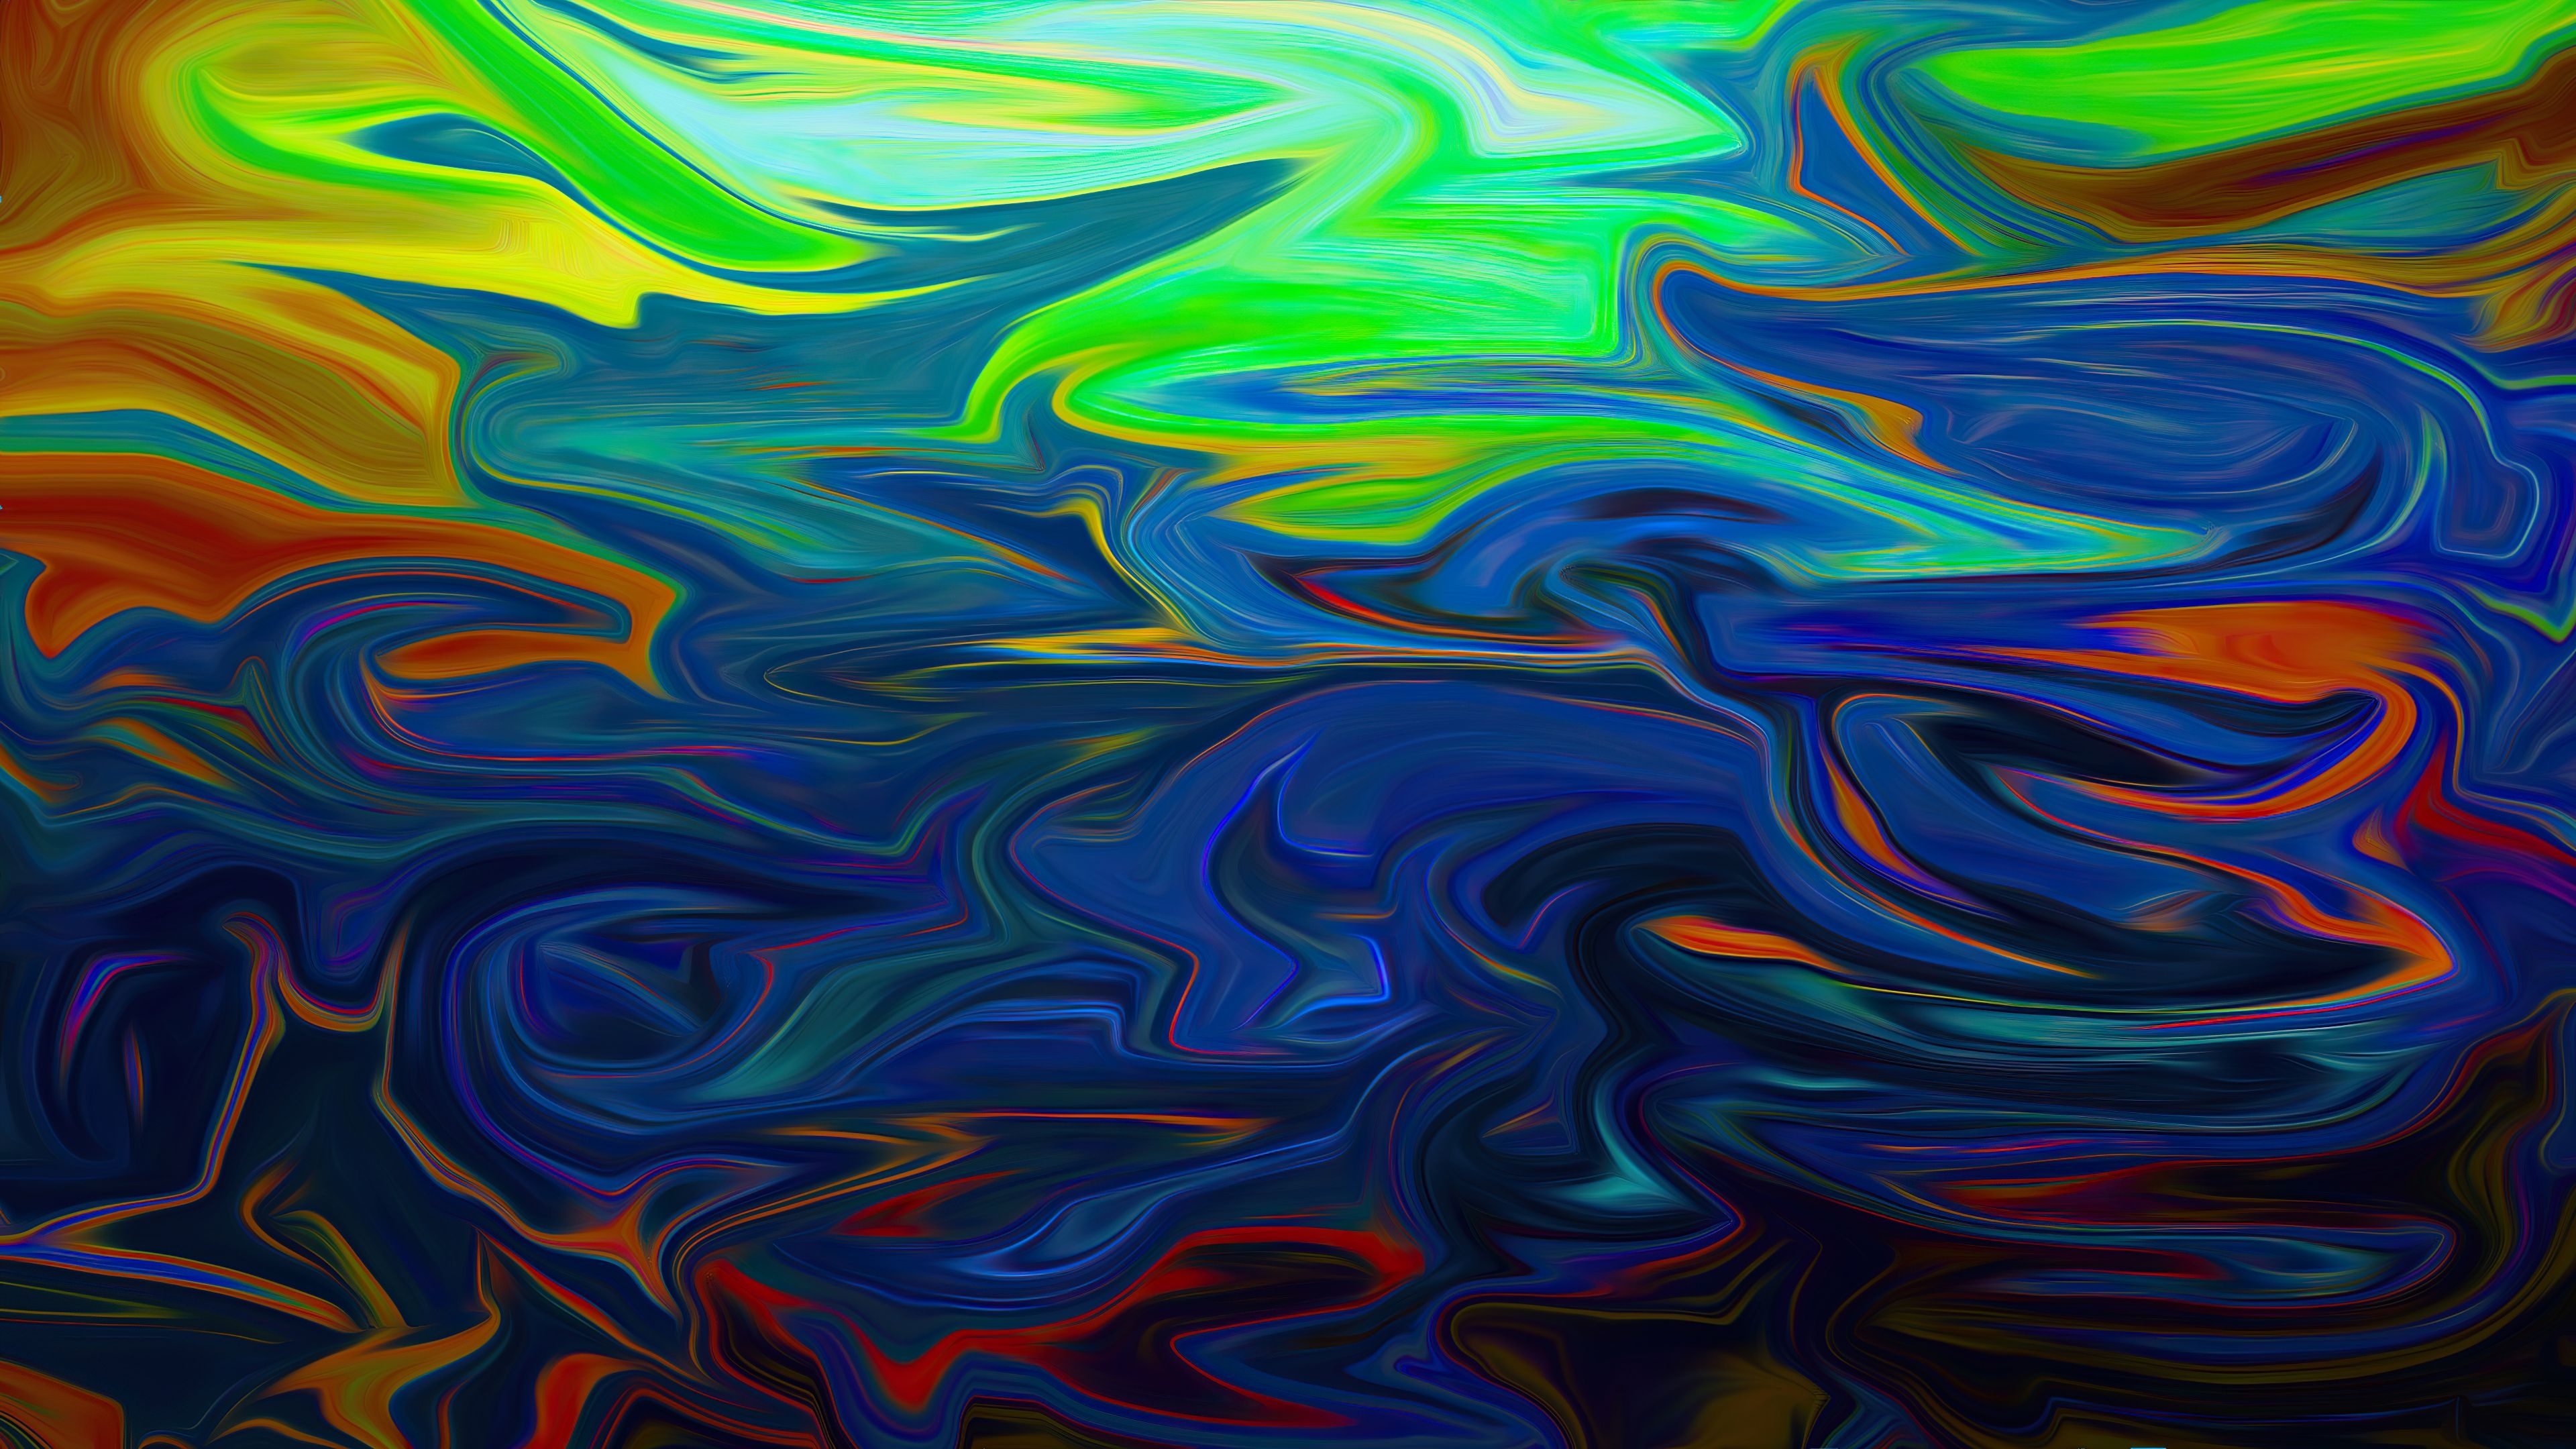 Holographic wallpapers, Fluid and abstract, Colorful and vibrant, Visual illusions, 3840x2160 4K Desktop
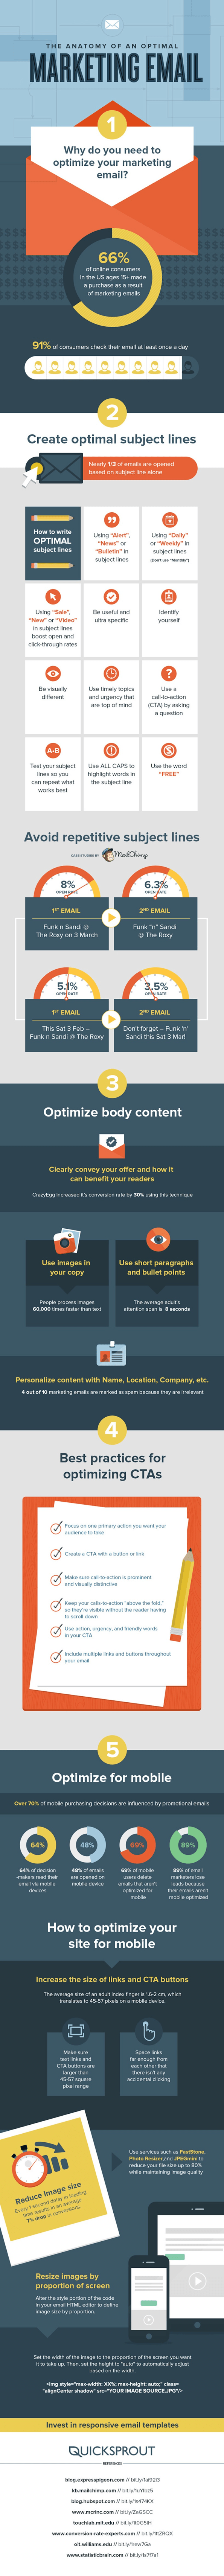 The Essential Elements of Email Marketing Optimization Infographic Image
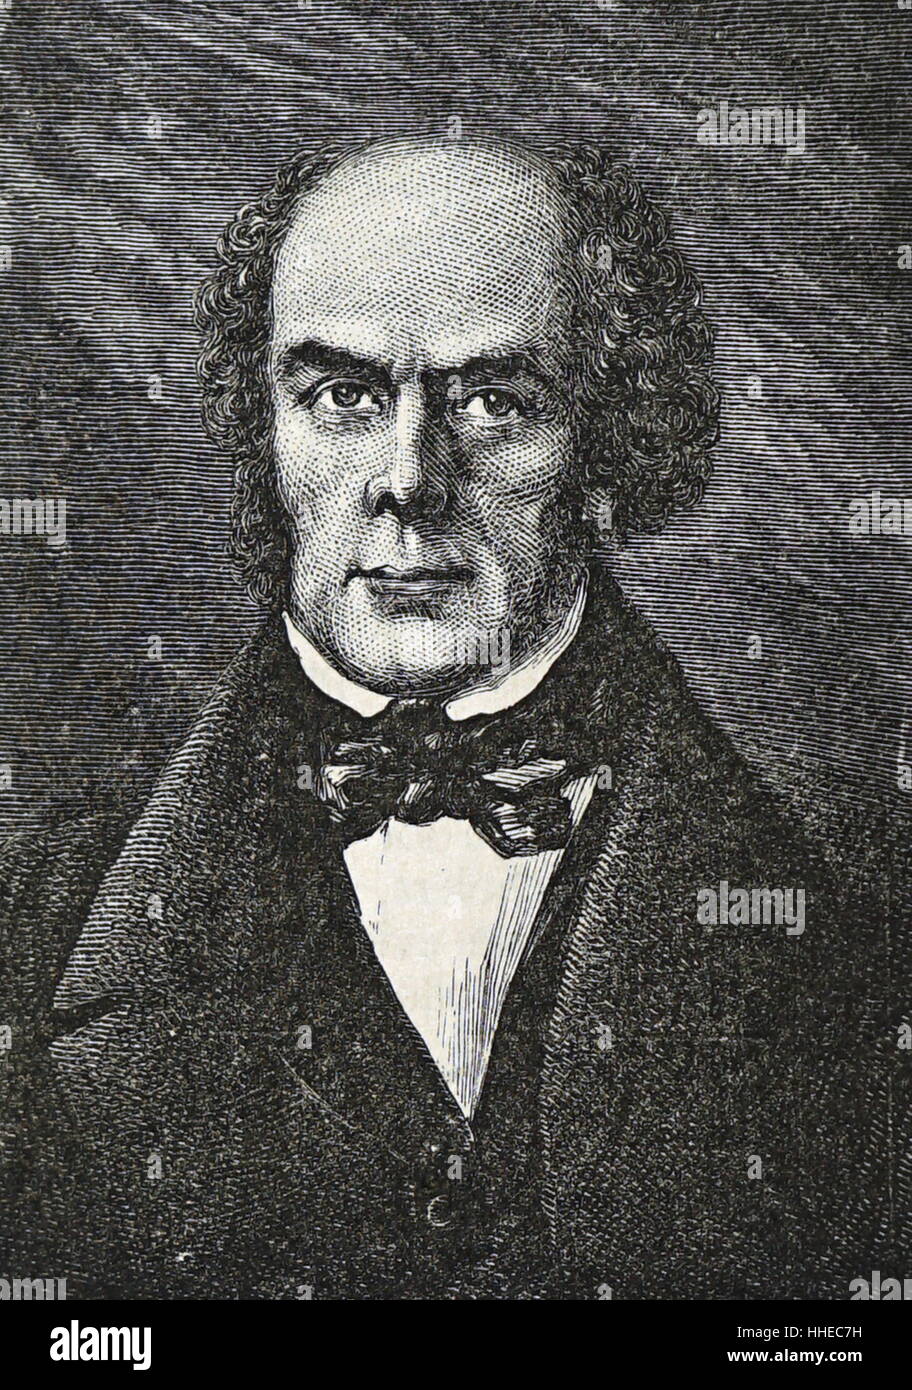 Henry HETHERINGTON (1792-1849) printer, publisher and Chartist. Died in the London cholera epidemic of 1849. objected to stamp duty on newspapers. Stock Photo

════════════════════

WORK TO BE COMPLETED — Across the whole listing, reproduce each line verbatim and exclude every picture.

TASK RESPONSE —
 Holographic wallpapers, Fluid and abstract, Colorful and vibrant, Visual illusions, 3840x2160 4K Desktop
 The Essential Elements of Email Marketing Optimization Infographic Image
 Henry HETHERINGTON (1792-1849) printer, publisher and Chartist. Died in the London cholera epidemic of 1849. objected to stamp duty on newspapers. Stock Photo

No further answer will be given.